Tiba-tiba saja Wedung itu tertawa berkepanjangan. Katanya, “Agaknya Ki Tumenggung adalah seorang yang suka berkelakar. Sayang hidup Ki Tumenggung harus diakhiri malam ini. Sebenaenya aku senang berkwan dengan orang-orang yang suka berkelakar.”

“Kita tidak akan pernah dapat berkawan Wedung, seandainya aku dapat tetap hidup”

“Kenapa?”

“Tataran derajad kita tidak sama. Aku seorang Tumenggung. Sedangkan kau adalah pembunuh upahan yang derajadnya jauh berada dibawah derajad prajurit. Sadari itu. Derajadku dan derajad kedua orang prajurit itu jauh berada di aats derajadmu. Jika ada prajurit yang tunduk dibawah perintahmu itu adalah prajurit-prajurit yang memang tidak mempunyai harga diri.”

Kedua orang prajurit yang berdiri disebelah menyebelah Edung itu tersentuh pula oleh kata-kata itu. Tetapi mereka tidak sempat lagi berbuat apa-apa.

Sementara itu wajah wedung menjadi merah padam. Meskipun tidak nampak di gelapnya malam, tetapi terasa wajah itu memang menjadi panas.

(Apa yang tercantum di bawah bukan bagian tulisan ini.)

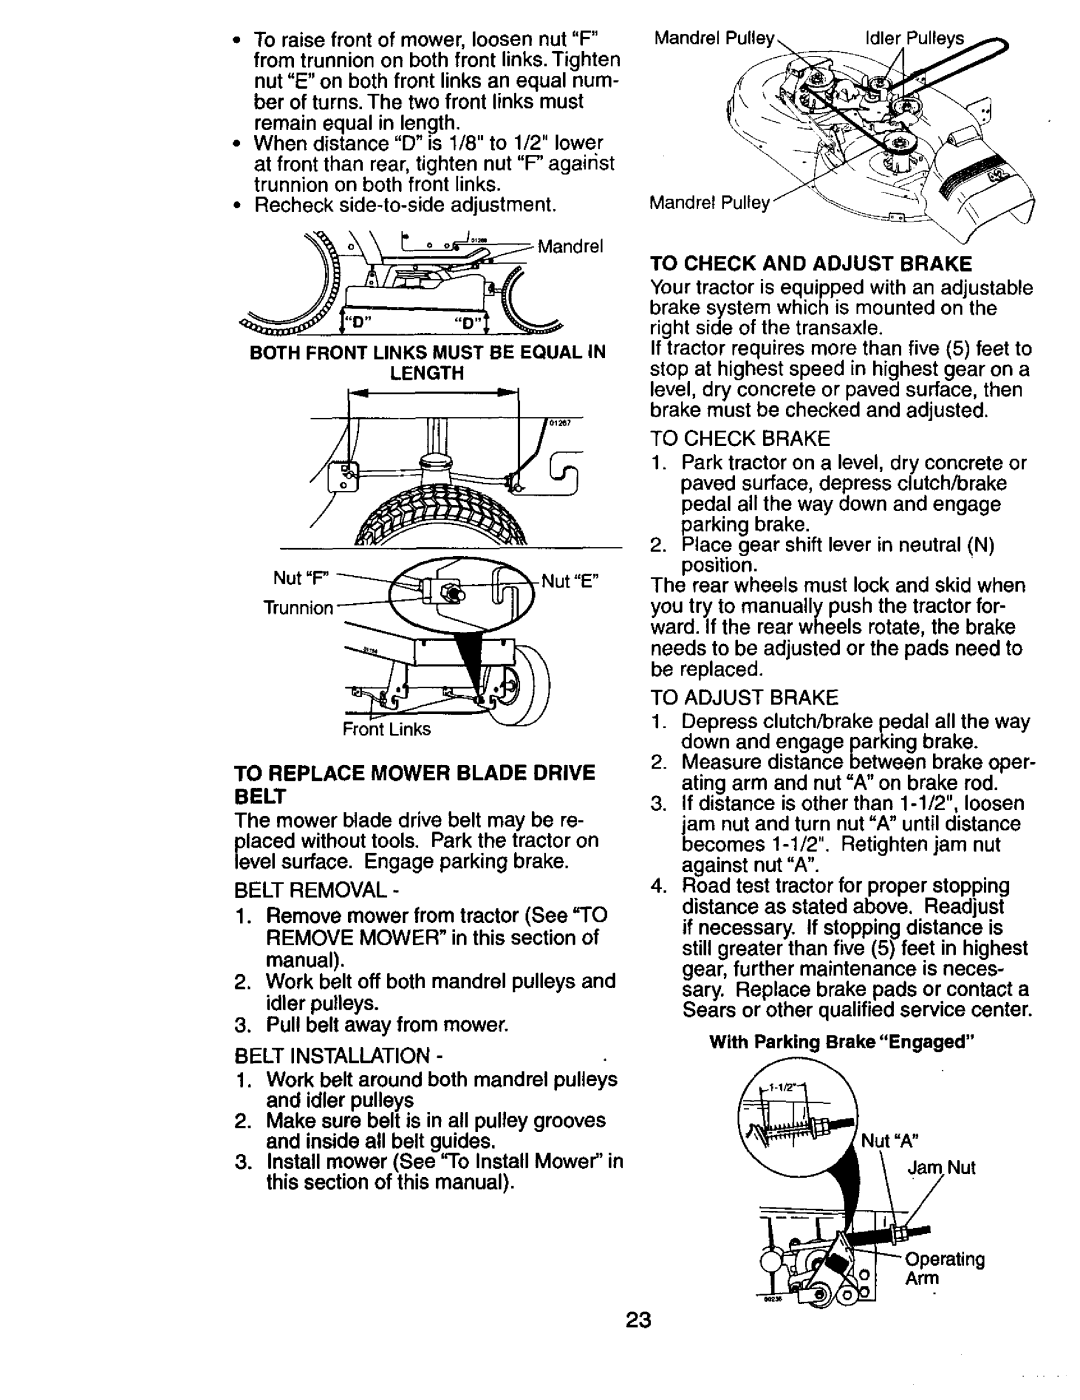 Craftsman 917.274031 owner manual To Replace Mower Blade Drive Belt, Belt Removal, To Check and Adjust Brake, ?Nut 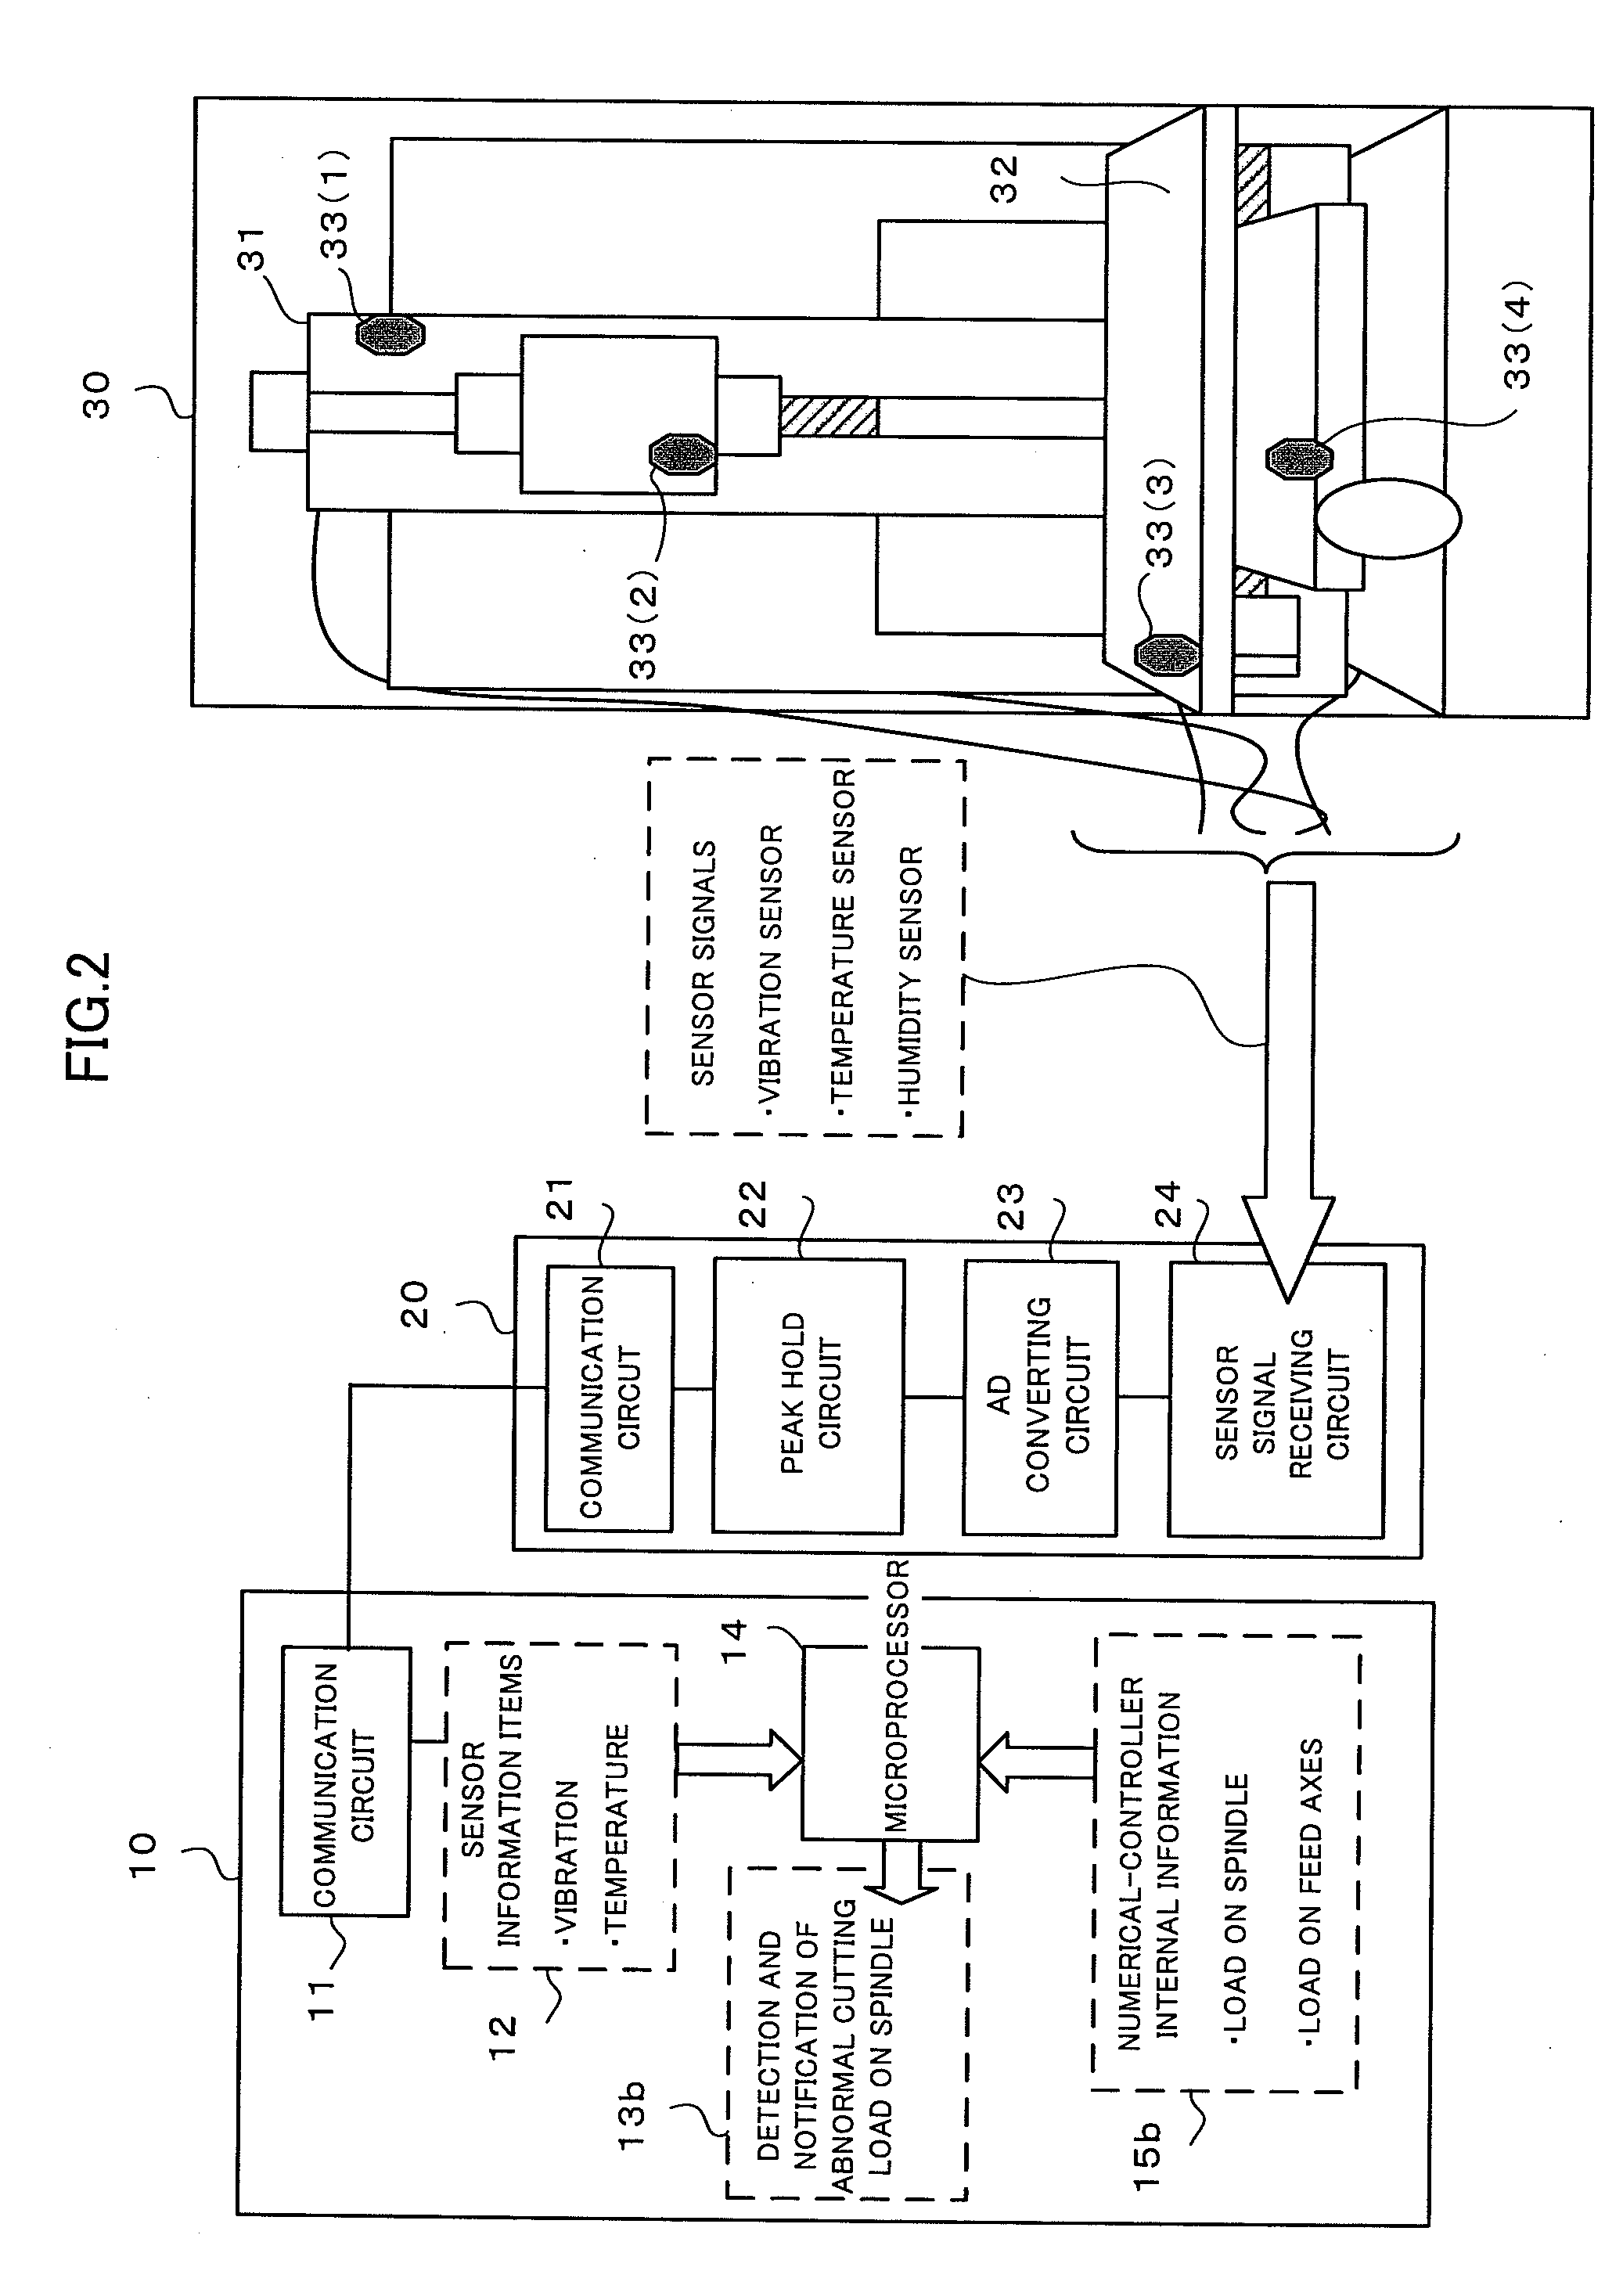 Numerical controller having a function for determining machine abnormality from signals obtained from a plurality of sensors

“Bersiaplah Ki tumenggung” Wedung akhirnya menggeram, “Ki Tumenggung Reksabawa sekarang sudah tidak diperlukan lagi. Ki Tumenggung Jayataruna tidak memerlukan lagi. Raden Ayu Reksayuda juga tidak memerlukan Ki Tumenggung lagi. Karena itu, maka sepantasnyalah bahwa Ki Tumenggung Reksabawa disingkirkan dari Sendang Arum untuk selama-lamanya.”

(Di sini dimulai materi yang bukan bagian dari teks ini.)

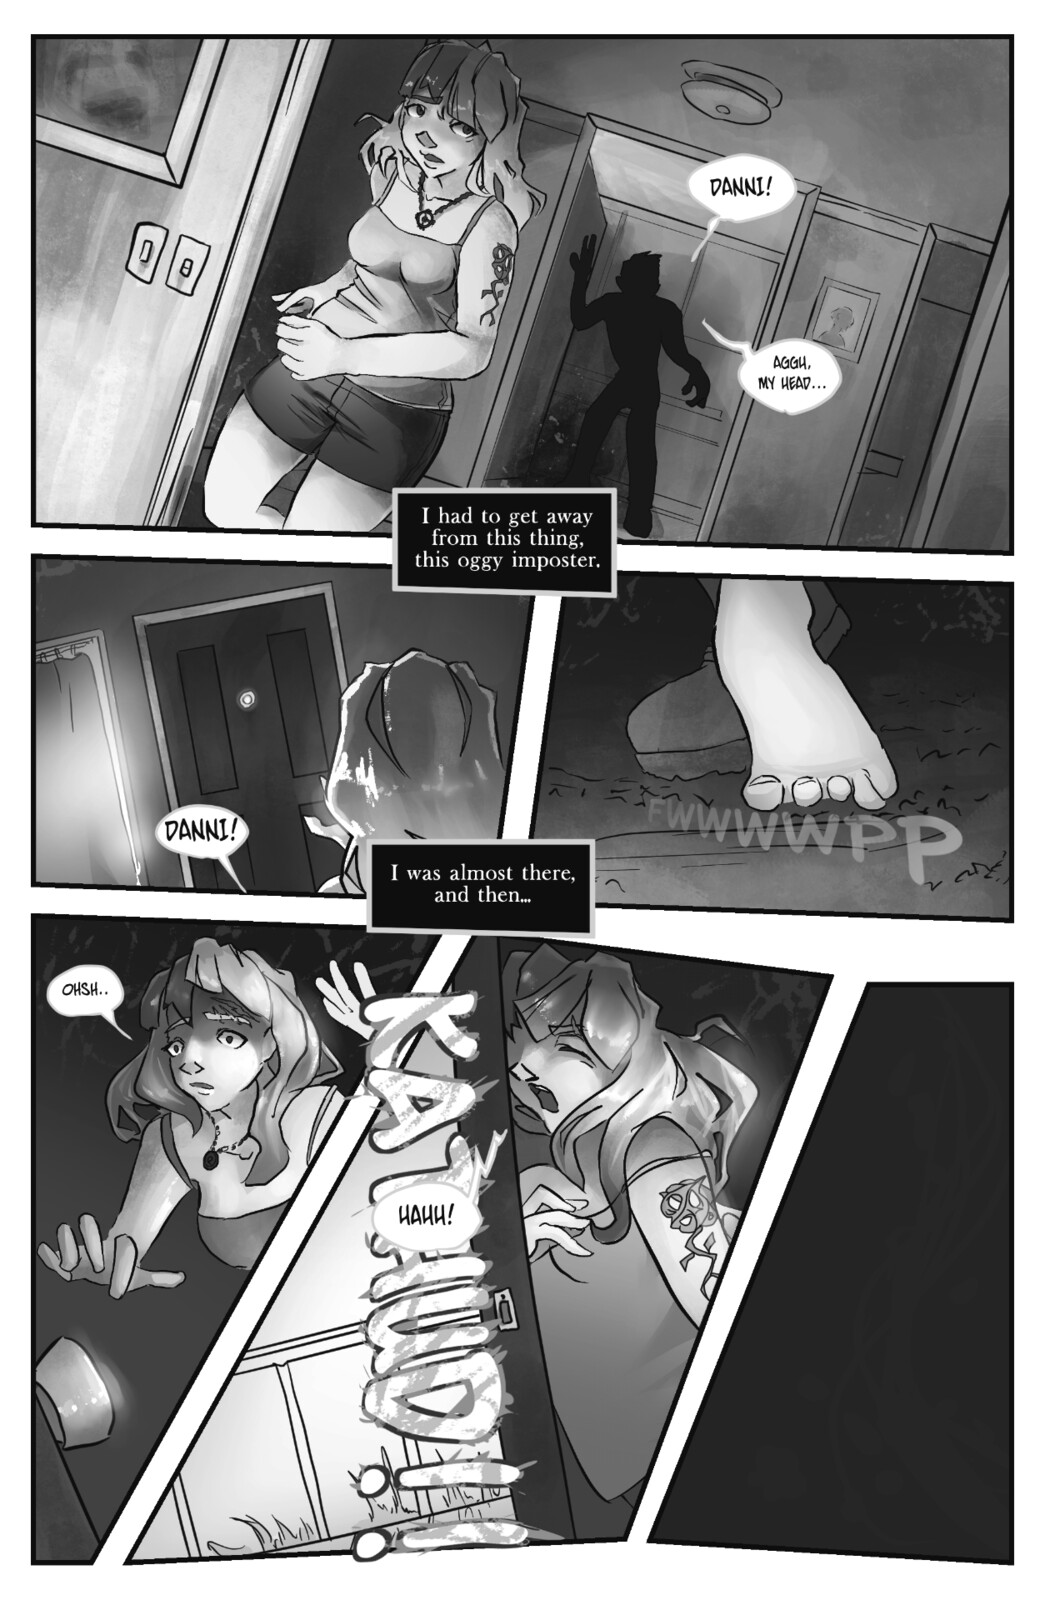 A page from the Sideways Graphic Novel

“Wedung. Aku seorang Senapati perang. Jika kau ingin berlatih perang, bersiaplah. Aku akan mengajarimu.”

Kata-kata itu bagaikan menusuk jantung Wedung. Katanya dengan nada tinggi, “Aku akan membunuhmu sekarang Ki Tumenggung.”

Tombak di tangan Ki Tumenggung itu pun segera merunduk. Ketika Wedung bergeser, maka Ki Tumenggung itu pun bergeser pula.

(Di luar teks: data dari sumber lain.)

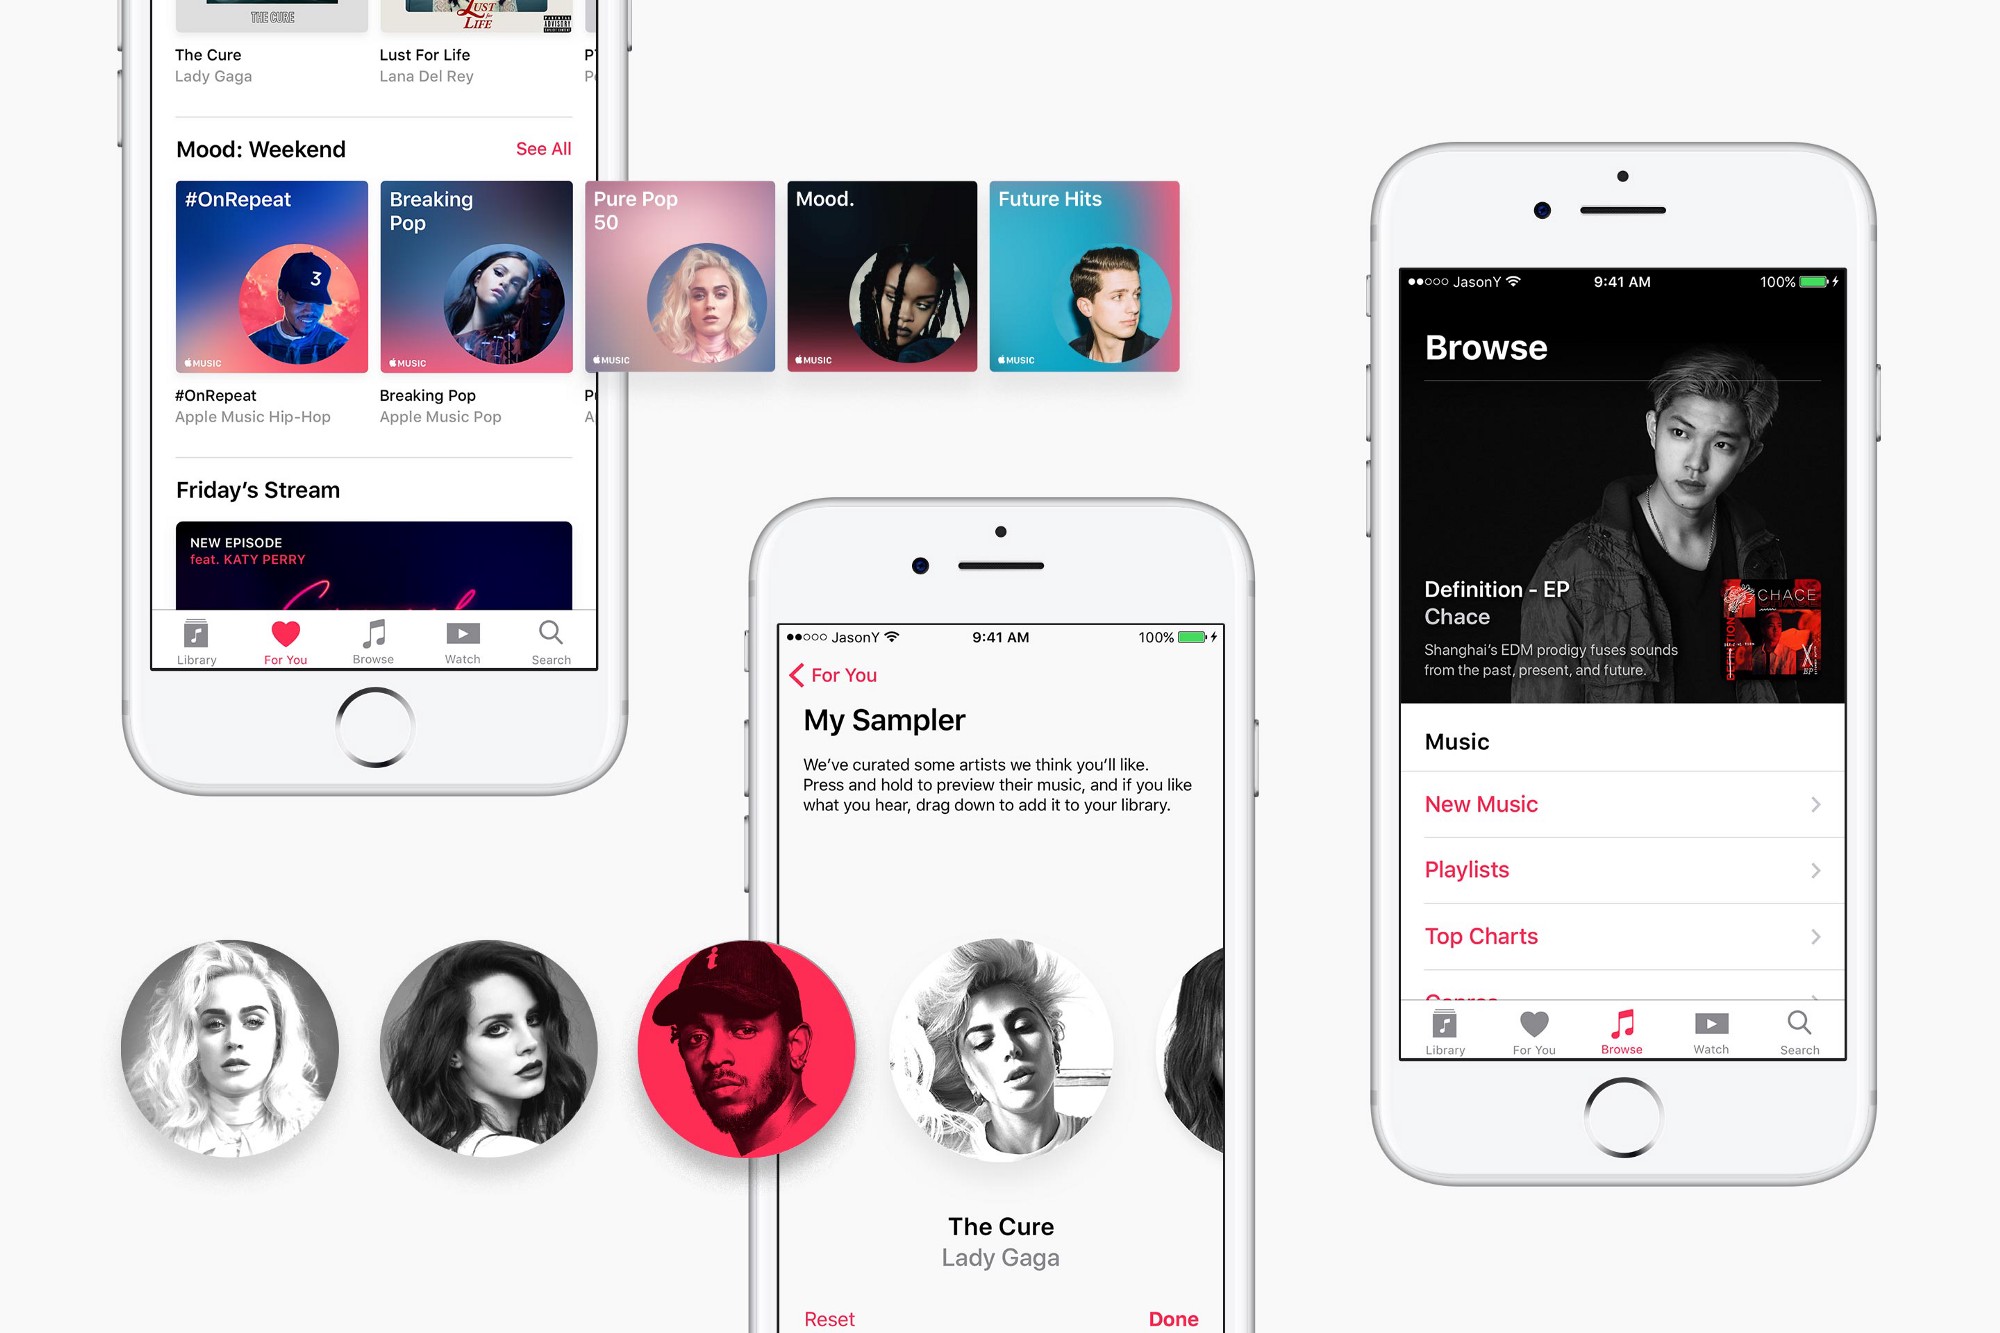 Student rejected by Apple on internship program creates beautiful redesign proposal for Apple Music

Kepada kedua orang prajurit itupun Wedung berkata, “Lihat saja, bagaimana aku membunuh dan kemudian memenggal kepala seorang Tumenggung yang pernah menjadi Senapati perang.”

Kedua orang prajurit tidak menyahut. Namun keduanya di luar kesadaran mereka, bergeser surut beberapa langkah.

Sejenak kemudian, Wedung telah mengayunkan goloknya yang besar dan panjang. Satu tebasan mendatar terayun ke leher Ki Tumenggung Reksabawa.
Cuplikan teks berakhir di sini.